StableDiffusionV3Model
Multimodal Diffusion Transformer model for high-quality text-to-image generation.
Wraps the Stable Diffusion 3 and 3.5 family of checkpoints from Stability AI. These models use a Multimodal Diffusion Transformer (MMDiT) architecture that jointly processes text and image tokens, delivering significantly improved prompt adherence, typography, and overall image quality compared to U-Net-based predecessors.
Four variants are supported: SD3 Medium (2B), SD3.5 Medium (2B, improved), SD3.5 Large (8B, best quality), and SD3.5 Large Turbo (distilled, 4-8 steps). All produce images natively at 1024 x 1024 px. Access to these gated models requires a HuggingFace API key.
References
- [1] Esser et al., "Scaling Rectified Flow Transformers for High-Resolution Image Synthesis", 2024. https://arxiv.org/abs/2403.03206
- [2] https://huggingface.co/stabilityai/stable-diffusion-3-medium-diffusers
Parameters
- model_name : string, default=
stabilityai/stable-diffusion-3-medium-diffusers - The SD3/SD3.5 checkpoint to load. 'sd-3-medium' is the baseline 2B-parameter model. 'sd-3.5-medium' improves quality at similar speed. 'sd-3.5-large' (8B) delivers the highest quality but needs more VRAM. 'sd-3.5-large-turbo' is a distilled large model that requires far fewer steps (4-8) for fast high-quality generation. All variants target 1024x1024 px natively.
- huggingface_key : string, default=
- Hugging Face read-access token required to download these gated models. To obtain one: accept the model license on huggingface.co/stabilityai, then go to Settings → Access Tokens and generate a token with 'Read' scope.
- negative_prompt
- num_inference_steps : integer, default=
15 - Number of denoising steps to run. More steps refine the image but increase generation time. Typical range: 20-40 for standard models; use only 4-8 steps with 'large-turbo'. Values above 50 rarely improve output for SD3/SD3.5.
- guidance_scale : number, default=
3.5 - Classifier-Free Guidance (CFG) scale. Controls how strictly the image follows the text prompt. SD3.5 works well at 3.5-4.5. The 'large-turbo' variant is designed for guidance_scale=1 (no CFG). Higher values enforce the prompt but may introduce oversaturation or artifacts.

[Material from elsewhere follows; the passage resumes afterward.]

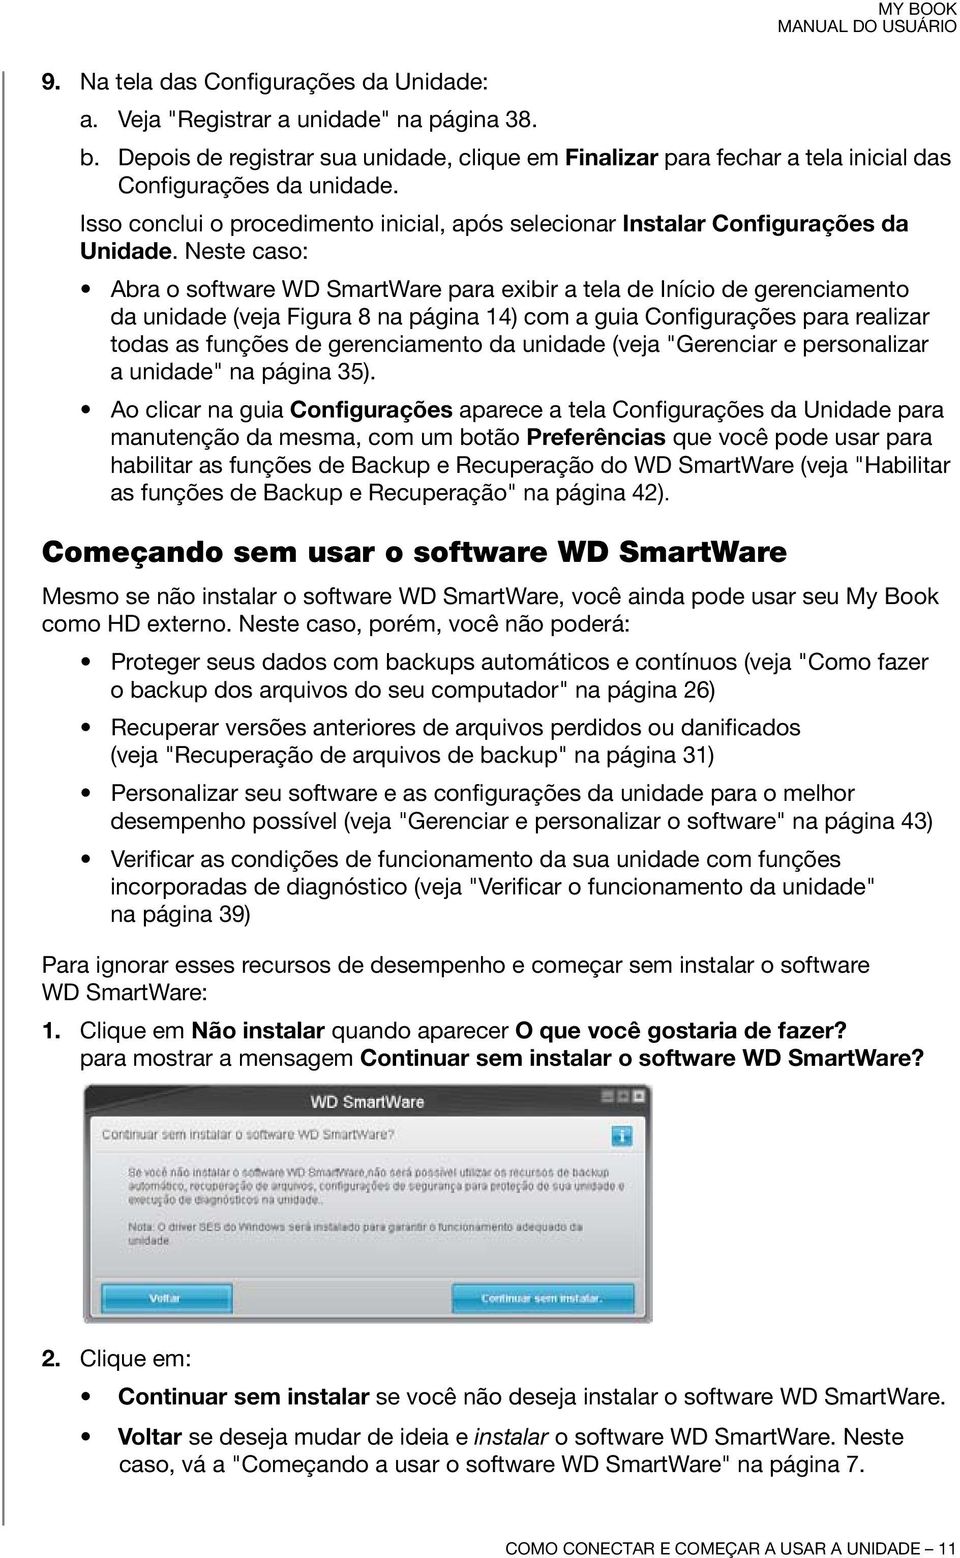 Neste caso: Abra o software WD SmartWare para exibir a tela de Início de gerenciamento da unidade (veja Figura 8 na página 14) com a guia Configurações para realizar todas as funções de gerenciamento

- device : string, default=
CPU - Hardware device for inference. Select a GPU option for hardware acceleration, which is strongly recommended for diffusion models. Select 'CPU' on systems without a compatible GPU, but expect significantly longer generation times.
- seed : integer, default=
-1 - Random seed for reproducible generation. A fixed positive integer will always produce the same image for identical settings. Use a negative value (e.g. -1) for a random seed on each run.
- width : integer, default=
512 - Width of the output image in pixels. Must be a multiple of 8. SD3/SD3.5 models are natively trained at 1024x1024 px; using that resolution yields the best quality.
- height : integer, default=
512 - Height of the output image in pixels. Must be a multiple of 8. SD3/SD3.5 models are natively trained at 1024x1024 px; using that resolution yields the best quality.
- num_images_per_prompt : integer, default=
1 - How many images to generate from a single prompt in one batch. Increasing this value is more efficient than running multiple sessions, but requires proportionally more GPU memory.
Methods
generate(self, input: str) -> List[Any]
StableDiffusionV3ModelGenerate output from a generative model.
Parameters
- input : str
- Input data to be generated
Returns
- List[Any]
- Generated output images in a list
get_schema(cls) -> dict
ConfigObjectGenerates the component related Json Schema.
Returns
- dict
- Dictionary representing the Json Schema of the component.
validate_and_transform(self, raw_data: dict) -> dict
ConfigObjectIt takes the data given by the user to initialize the model and returns it with all the objects that the model needs to work.
Parameters
- raw_data : dict
- A dictionary with the data provided by the user to initialize the model.
Returns
- dict
- A validated dictionary with the necessary objects.